The key to Integration by Parts is to identify part of the integrand as “\(u\)” and part as “\(dv\text{.}\)” Regular practice will help one make good identifications, and later we will introduce some principles that help. For now, let \(u=x\) and \(dv=\cos(x) \ dx\text{.}\)

It is generally useful to make a small table of these values as done below. Right now we only know \(u\) and \(dv\) as shown on the left of Figure 6.2.3; on the right we fill in the rest of what we need. If \(u = x\text{,}\) then \(du = dx\text{.}\) Since \(dv = \cos(x) \ dx\text{,}\) \(v\) is an antiderivative of \(\cos(x)\text{.}\) We choose \(v = \sin(x)\text{.}\)

Now substitute all of this into the Integration by Parts formula, giving \begin{equation*} \int x\cos(x) \,dx = x\sin(x) - \int \sin(x) \,dx. \end{equation*}

We can then integrate \(\sin(x)\) to get \(-\cos(x) + C\) and overall our answer is \begin{equation*} \int x\cos(x) \ dx = x\sin(x) + \cos(x) + C. \end{equation*}

Note how the antiderivative contains a product, \(x\sin(x)\text{.}\) This product is what makes Integration by Parts necessary.

We can check our work by taking the derivative: \begin{align*} \lzoo{x}{x\sin(x) + \cos(x) + C} \amp =x\cos(x)+\sin(x)-\sin(x)+0\\ \amp = x\cos(x)\text{.} \end{align*}

The integrand contains an Algebraic term (\(x\)) and an Exponential term (\(e^x\)). Our mnemonic suggests letting \(u\) be the algebraic term, so we choose \(u=x\) and \(dv=e^x\,dx\text{.}\) Then \(du=dx\) and \(v=e^x\) as indicated by the tables below.

We see \(du\) is simpler than \(u\text{,}\) while there is no change in going from \(dv\) to \(v\text{.}\) This is good. The Integration by Parts formula gives \begin{equation*} \int x e^x\,dx = xe^x - \int e^x\,dx. \end{equation*}

The integral on the right is simple; our final answer is \begin{equation*} \int xe^x\ dx = xe^x - e^x + C. \end{equation*}

Note again how the antiderivatives contain a product term.

The mnemonic suggests letting \(u=x^2\) instead of the trigonometric function, hence \(dv=\cos(x) \,dx\text{.}\) Then \(du=2x\,dx\) and \(v=\sin(x)\) as shown below.

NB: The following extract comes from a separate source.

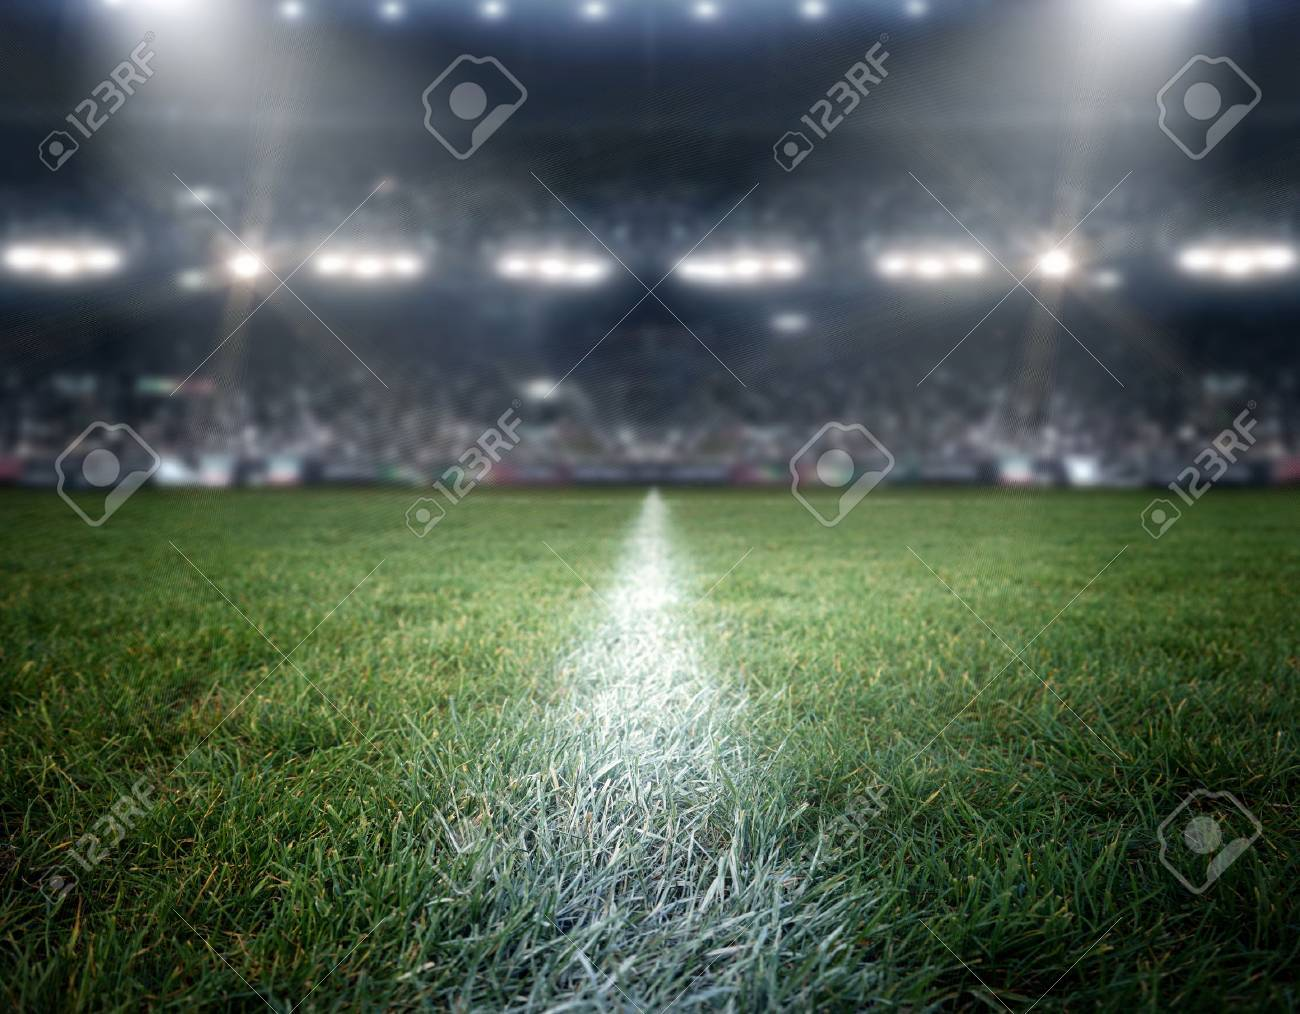 stadium lights, the imaginary stadium is modeled and rendered. - 66776042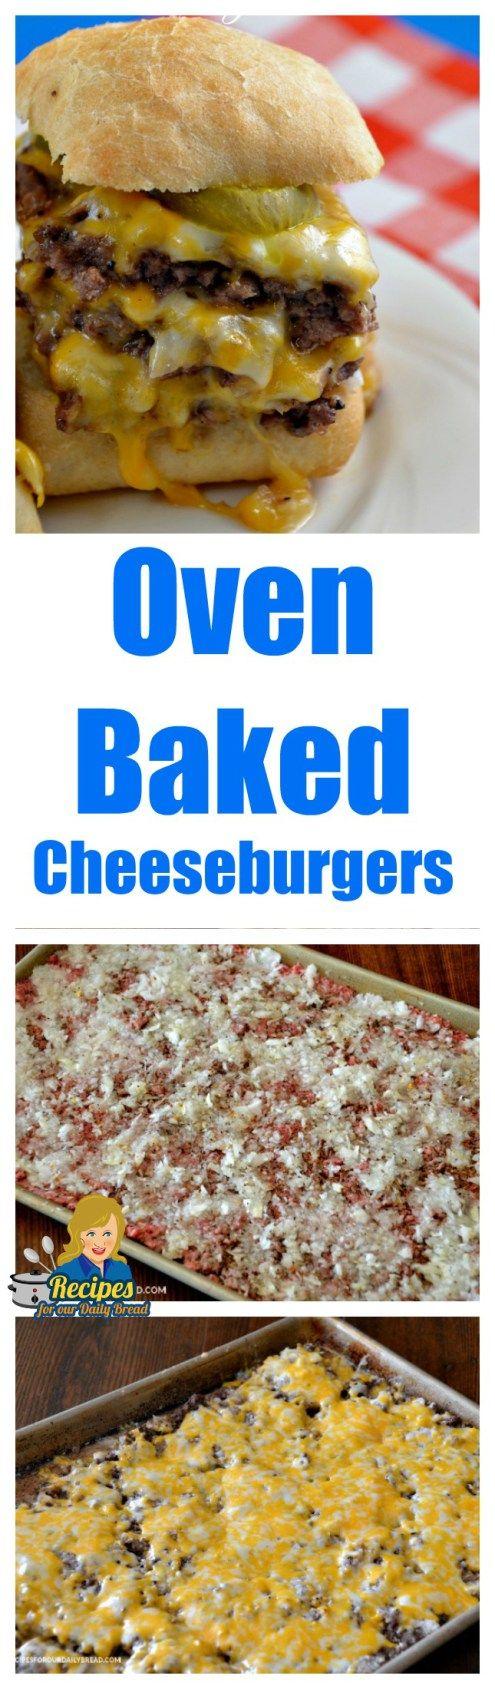 Simple Chicken Casserole Recipes Ovens

The Integration by Parts formula gives \begin{equation*} \int x^2\cos(x) \,dx = x^2\sin(x) - \int 2x\sin(x) \,dx. \end{equation*}

At this point, the integral on the right is indeed simpler than the one we started with, but to evaluate it, we need to do Integration by Parts again. Here we choose \(r=2x\) and \(ds=\sin(x)\) and fill in the rest below. (We are choosing new names since we have already used \(u\) and \(v\text{.}\) Our intgration by parts formula is now \(\int r\ ds=rs-\int s\ dr\text{.}\))

The integral all the way on the right is now something we can evaluate. It evaluates to \(-2\sin(x)\text{.}\) Then going through and simplifying, being careful to keep all the signs straight, our answer is \begin{equation*} \int x^2\cos(x) \ dx = x^2\sin(x) + 2x\cos(x) - 2\sin(x) + C. \end{equation*}

This is a classic problem. Our mnemonic suggests letting \(u\) be the trigonometric function instead of the exponential. In this particular example, one can let \(u\) be either \(\cos(x)\) or \(e^x\text{;}\) to demonstrate that we do not have to follow LIATE, we choose \(u=e^x\) and hence \(dv = \cos(x) \,dx\text{.}\) Then \(du=e^x\,dx\) and \(v=\sin(x)\) as shown below.

Notice that \(du\) is no simpler than \(u\text{,}\) going against our general rule (but bear with us). The Integration by Parts formula yields \begin{equation*} \int e^x\cos(x) \ dx = e^x\sin(x) - \int e^x\sin(x) \,dx. \end{equation*}

The integral on the right is not much different than the one we started with, so it seems like we have gotten nowhere. Let's keep working and apply Integration by Parts to the new integral, using \(u=e^x\) and \(dv = \sin(x) \,dx\text{.}\) This leads us to the following:

The Integration by Parts formula then gives: \begin{align*} \int e^x\cos(x) \,dx \amp = e^x\sin(x) - \left(-e^x\cos(x) - \int -e^x\cos(x) \,dx\right)\\ \amp = e^x\sin(x) + e^x\cos(x) - \int e^x\cos(x) \ dx. \end{align*}

It seems we are back right where we started, as the right hand side contains \(\int e^x\cos(x) \,dx\text{.}\) But this is actually a good thing.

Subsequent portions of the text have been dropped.